Monday, October 25, 2021

Fakahatchee and Me… Memories of a Nature Girl

STEPPING STONES


Stephanie Lyons points to a crocodile at one of her favorite walking spots, the Marsh Trail. Photo by Bob McConville

Stephanie Lyons points to a crocodile at one of her favorite walking spots, the Marsh Trail. Photo by Bob McConville

Every once in a while you come across an individual that is really unique; someone who has a passion for life, for learning and for teaching others. This has only happened to me a few times throughout my working career so this past year was very special.

About 18 months ago I met a young college grad who absolutely exuded the above-mentioned characteristics. That “first impression” feeling was undeniably positive. Her energy was so contagious that everyone she met wanted to spend more time with her. When she agreed to conduct eco-tours for me in the Big Cypress area I knew the public would embrace her as well. She was a great educator.

As our season was ending last April I asked her to submit a paper to me. Not a thesis or term paper but I asked that she put her heart and soul about her feelings for nature, people and our ecosystem in her own words.

I would like to share some excerpts from her writings. She is spending the summer in Maine, still teaching others about another eco-system and I know she is thriving in her new venture. Her passion to further her environmental studies education paired with her great teaching skills will take her on some amazing journeys, for sure.

From Stephanie Lyons, here is her soul, bared for the public to enjoy:

Fakahatchee and Me…

My eye catches the movement of a soft tail swinging lazily from a leaning tree. I gaze up in amazement at the large, tan body. Yellow eyes peer down, mid paw-lick, to see what lesser being has approached. His throne…a cypress tree decorated with strangler figs, gives this King of the Jungle an ample sunning spot above the dampness of the swamp. He settles in for a rest, unimpressed by my curiosity.

I couldn’t help but imagine this scene every time I approached the massive, fallen tree at the end the Big Cypress Bend boardwalk. I feel for the panthers that desperately try to understand the roadways and concrete slabs rising high above. To understand would mean they know they are not welcome. There is no place for them in our neighborhoods. How do I explain this to my guests?
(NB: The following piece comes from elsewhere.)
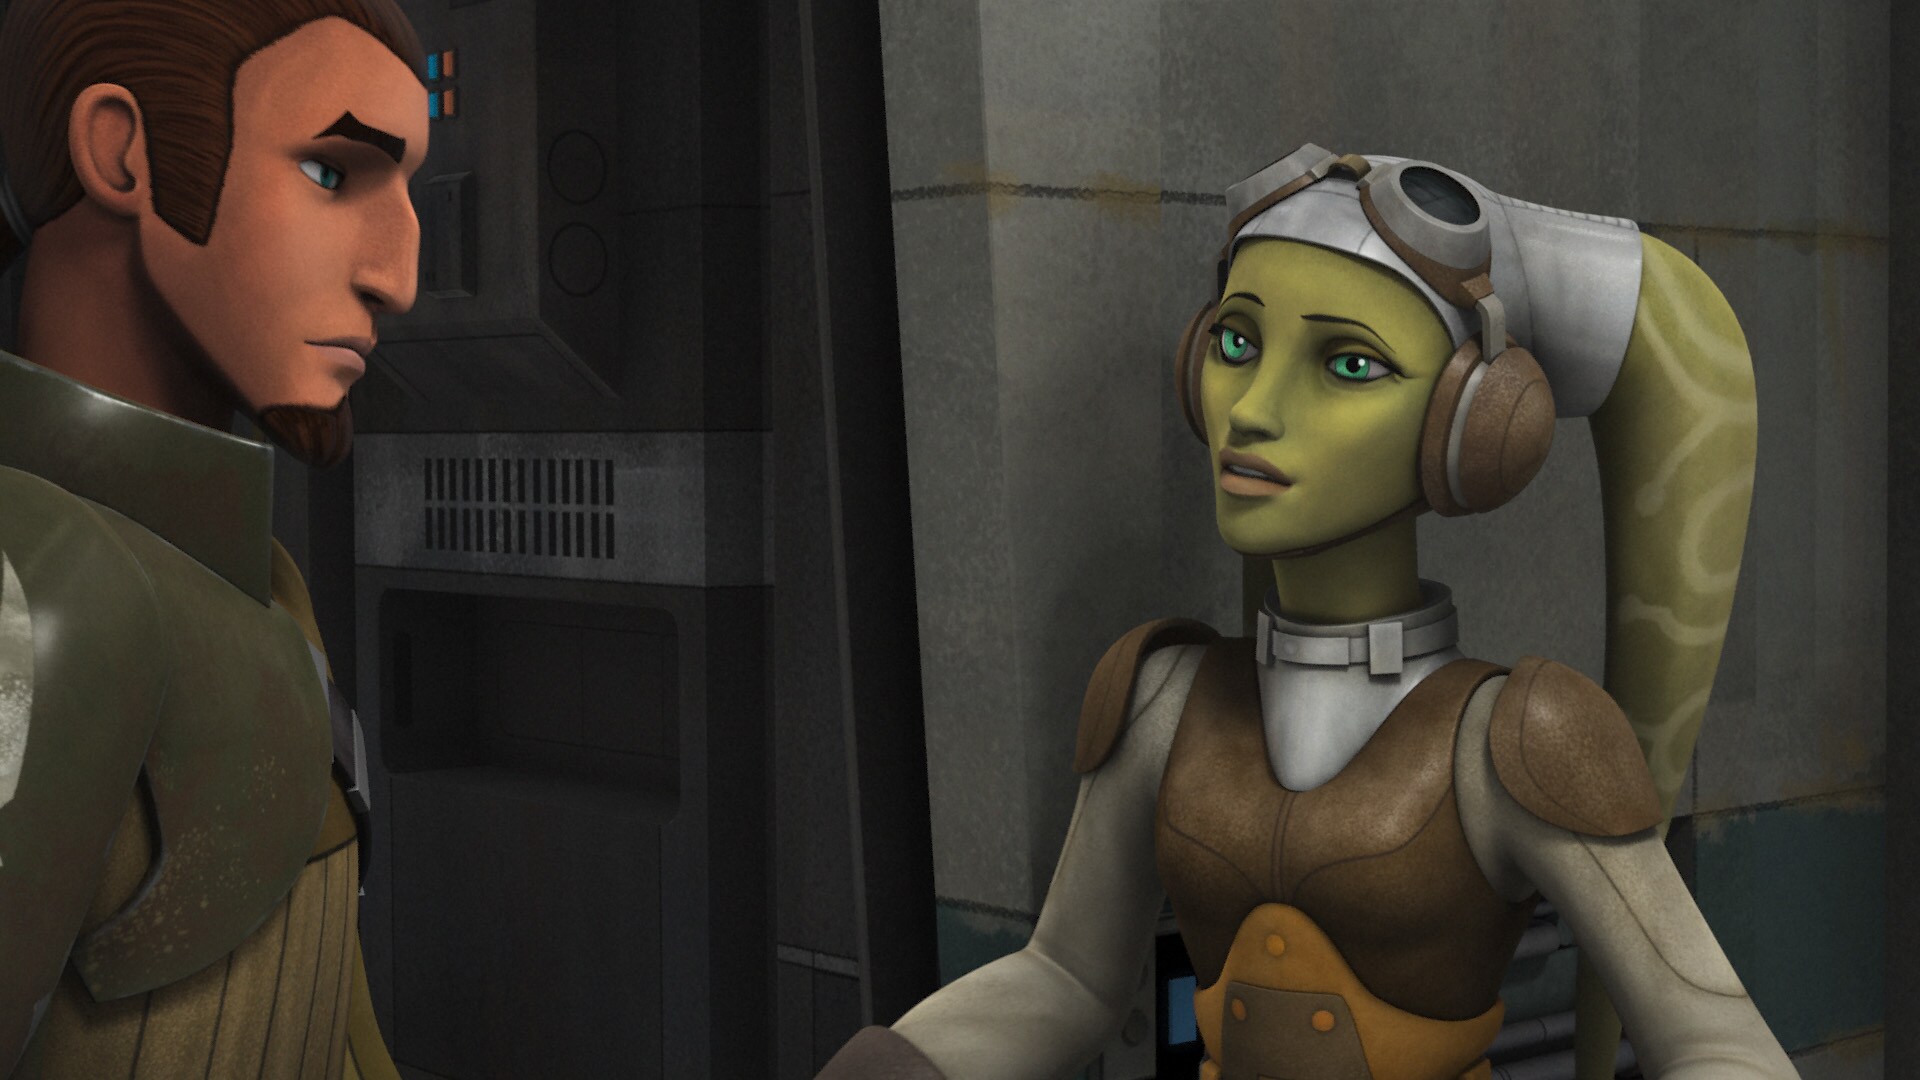 While Kanan is unsure that this test will work, Hera implores him to help Ezra.

Constantly thinking and teaching about the species that are no longer thriving is the hardest part of my job. I helplessly wait for the rain to come so the wood storks can have a good breeding season. I cringed as many of the fish died after high winds tore up the silt at the bottom of the canal. It would be easy to get caught up in things going wrong, but that’s not me. I reminded myself everyday about the success we have had in protecting the Everglades and the different species that live here. I looked in wonder at ghostly trees reaching toward the clouds, dripping with Spanish moss; the birds as tall as my four-year-old self. I spun around when I heard the call of a bird, trying desperately to spot the bright red feathers of a red-bellied woodpecker begging to be seen and flying off just as quickly.

It has been a dream getting to see all of this inspiration firsthand. At first, working as a guide on the Fakahatchee boardwalk was completely intimidating. The unknown was a little scary, especially when it’s as dense and wild as the Big Cypress Bend. What were these ferns and trees and nest-like bundles in their branches? What bird is making that call, when do gators hatch and how old is that tree? What’s going on with the Burmese pythons?

I wrote out a mock tour looking for transitional pieces and interesting stories. I followed

Bob’s basic outline and casual tone. I memorized facts and tried to master his wit. One thing I loved about these tours was getting to know the people who joined me. I had a man who started a training program to better equip teachers working in inner city schools, a woman who dedicated her life to preserving lighthouses on the New England coast, a seventh grade boy who has more talents and interests than most people I know.

My goal was that my guests left feeling relaxed and optimistic, interested and excited. Maybe they will teach others about the importance of the balance in nature. When it comes down to it, I could spend many days enjoying nature by myself and be happy. But sharing what I know and hearing other people’s stories fulfills me.

I have a wild imagination and can picture my panther on his throne even sitting here at my computer, worlds away from his. It’s fitting to have good imagination working in a place unlike anywhere else on the planet. A place where I saw Burmese python tracks, pink birds and fish in the clutches of sharp talons high above my head. I want to hold on to the feeling I had here of freedom. Even in the density of the strand I felt the wide openness of the area, the possibility of what I might see and all the moments that were happening that no one else was seeing. I know how cool it was for me to have this experience and see so much of this unique area.

I am confident that a part of me will always be “swamp girl” and swamp girl looked alligators in the eye and casually passed by water moccasins. So, my dear unknown future challenges, just know I survived the swamp. Actually… I thrived here!

Thank you, Stephanie, for sharing your heart. As are your guests, I am a better person for knowing you. God bless you on your journey!

Bob is the owner of Stepping Stone Ecotours and a naturalist on board the Dolphin Explorer. His pictorial book “Beyond The Mangrove Trees” is available at several locations on Marco Island. Bob loves his wife very much!